TurboQuant compresses the KV-cache to 3 to 4 bits, then dequantizes back to BF16 before attention computation. That is very different from FP8, which stores the KV-cache in FP8 and also runs attention with FP8 Tensor Core operations. In plain English, TurboQuant saves memory aggressively, but it pays for that savings by doing extra work during inference.

That tradeoff is why the vLLM team framed this as a study, not a product pitch. A method can look excellent on a slide deck and still lose badly once you measure latency, throughput, and accuracy on long prompts or hard reasoning tasks.
- TurboQuant variants tested: k8v4, 4bit-nc, k3v4-nc, 3bit-nc
- Baselines: BF16 and FP8
- Models: MiniMax-M2.7, Llama-3.3-70B-Instruct, Qwen3-30B-A3B-Instruct-2507, Qwen3-30B-A3B-Thinking-2507
- Benchmarks: openai/mrcr, AIME25, GPQA:Diamond, MATH500, LiveCodeBench-v6
What the accuracy numbers actually show
The accuracy story is mixed, but the pattern is consistent. FP8 and TurboQuant k8v4 stay close to the unquantized baseline on the retrieval and reasoning workloads. TurboQuant 4bit-nc loses some accuracy, but it remains in the range where a deployment team might still consider it if memory pressure is severe.

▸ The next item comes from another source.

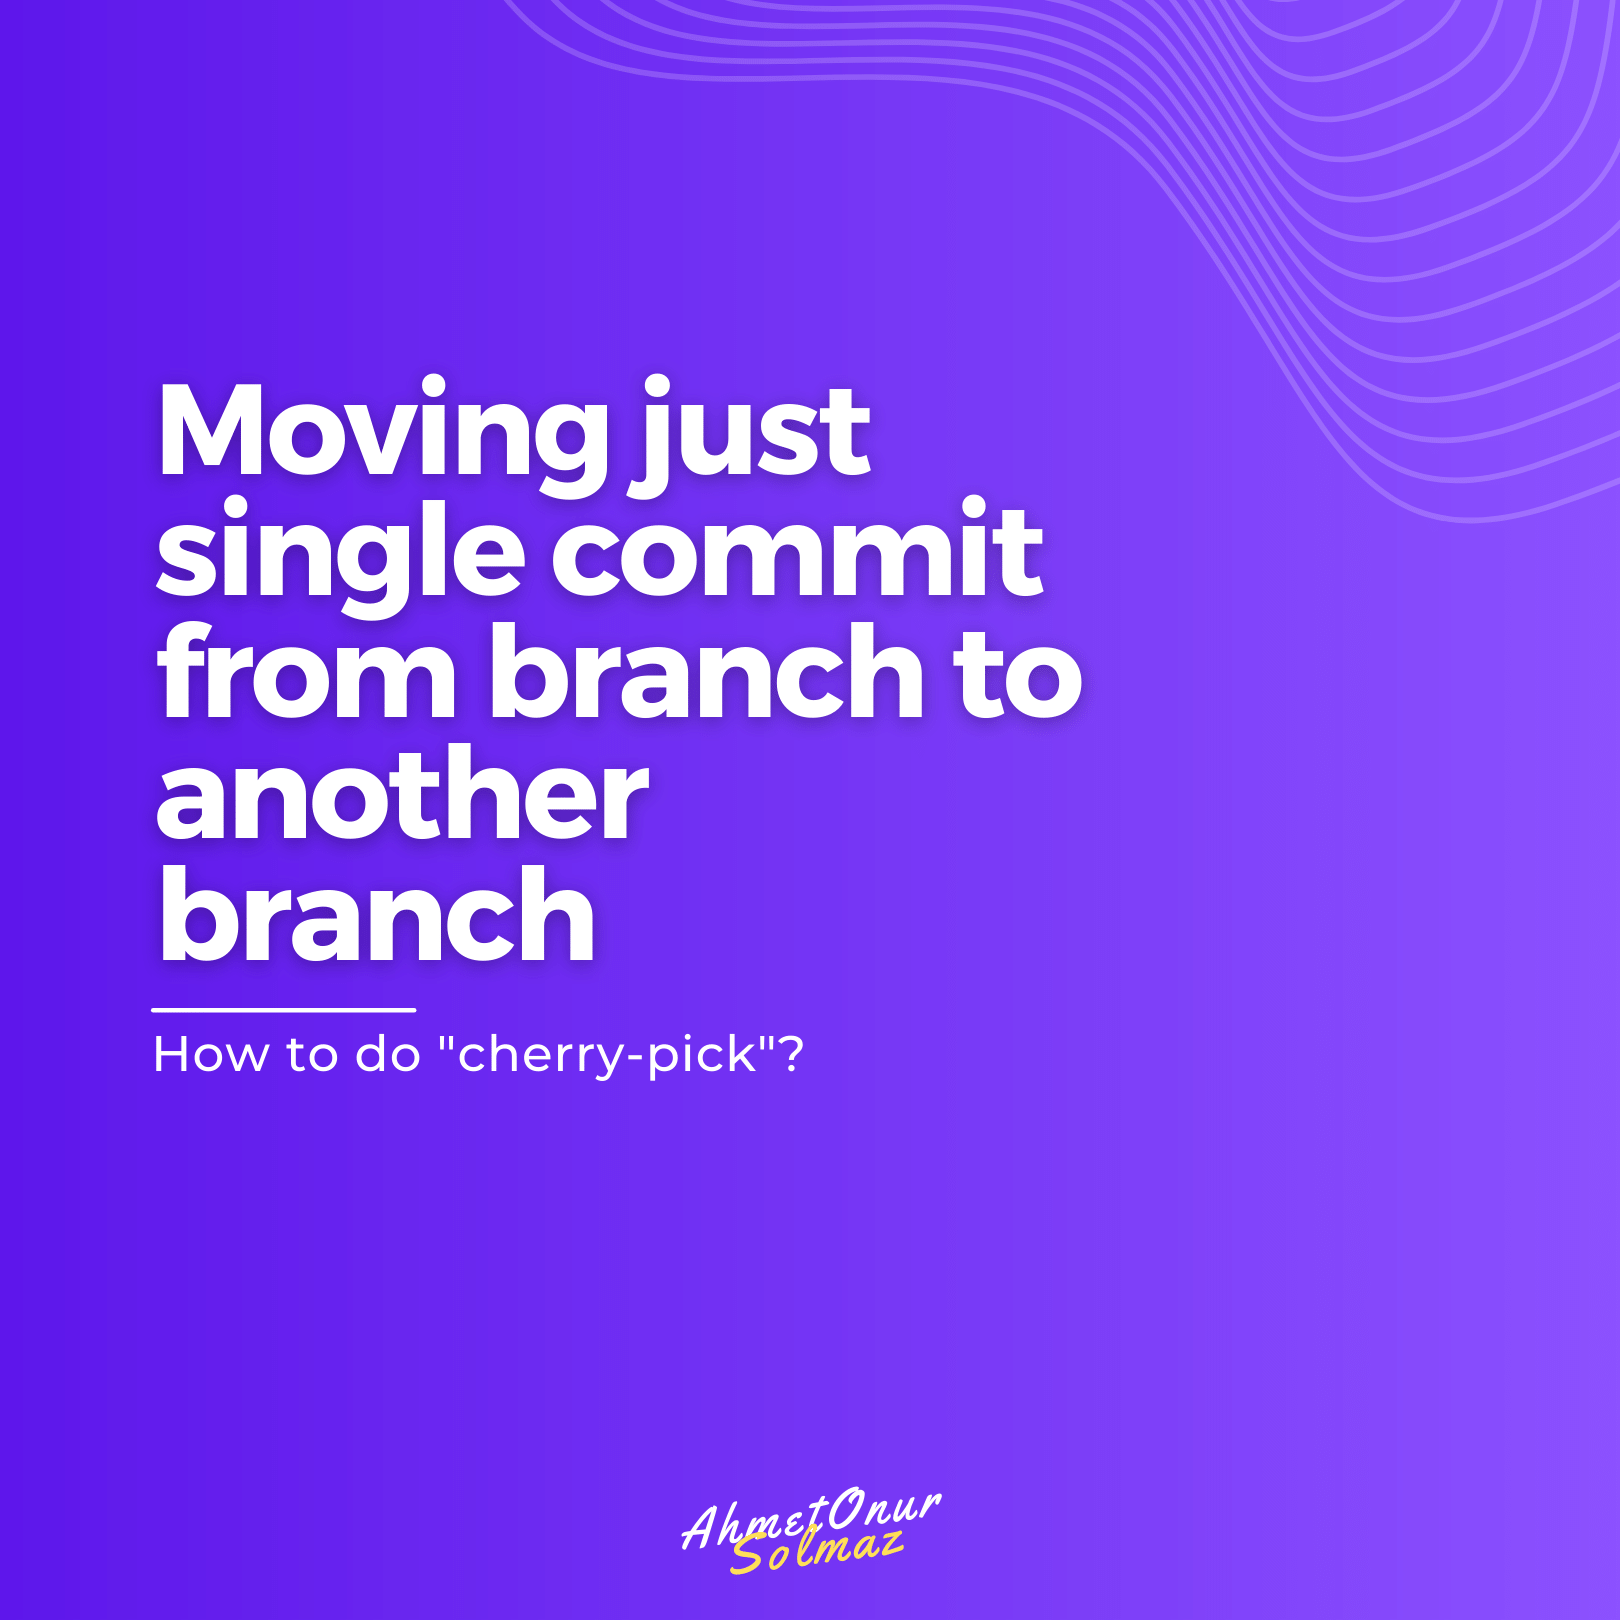 Moving just single commit from branch to another branch

The aggressive variants are where things fall apart. On long-context retrieval, the post says Llama-3.3-70B-Instruct at 128k context saw BF16 collapse to 98% average accuracy recovery, while 4bit-nc reached 96% recovery and k3v4-nc plus 3bit-nc dropped by about 20 points. On reasoning, the same pattern held, with AIME25 and LiveCodeBench-v6 taking the biggest hit.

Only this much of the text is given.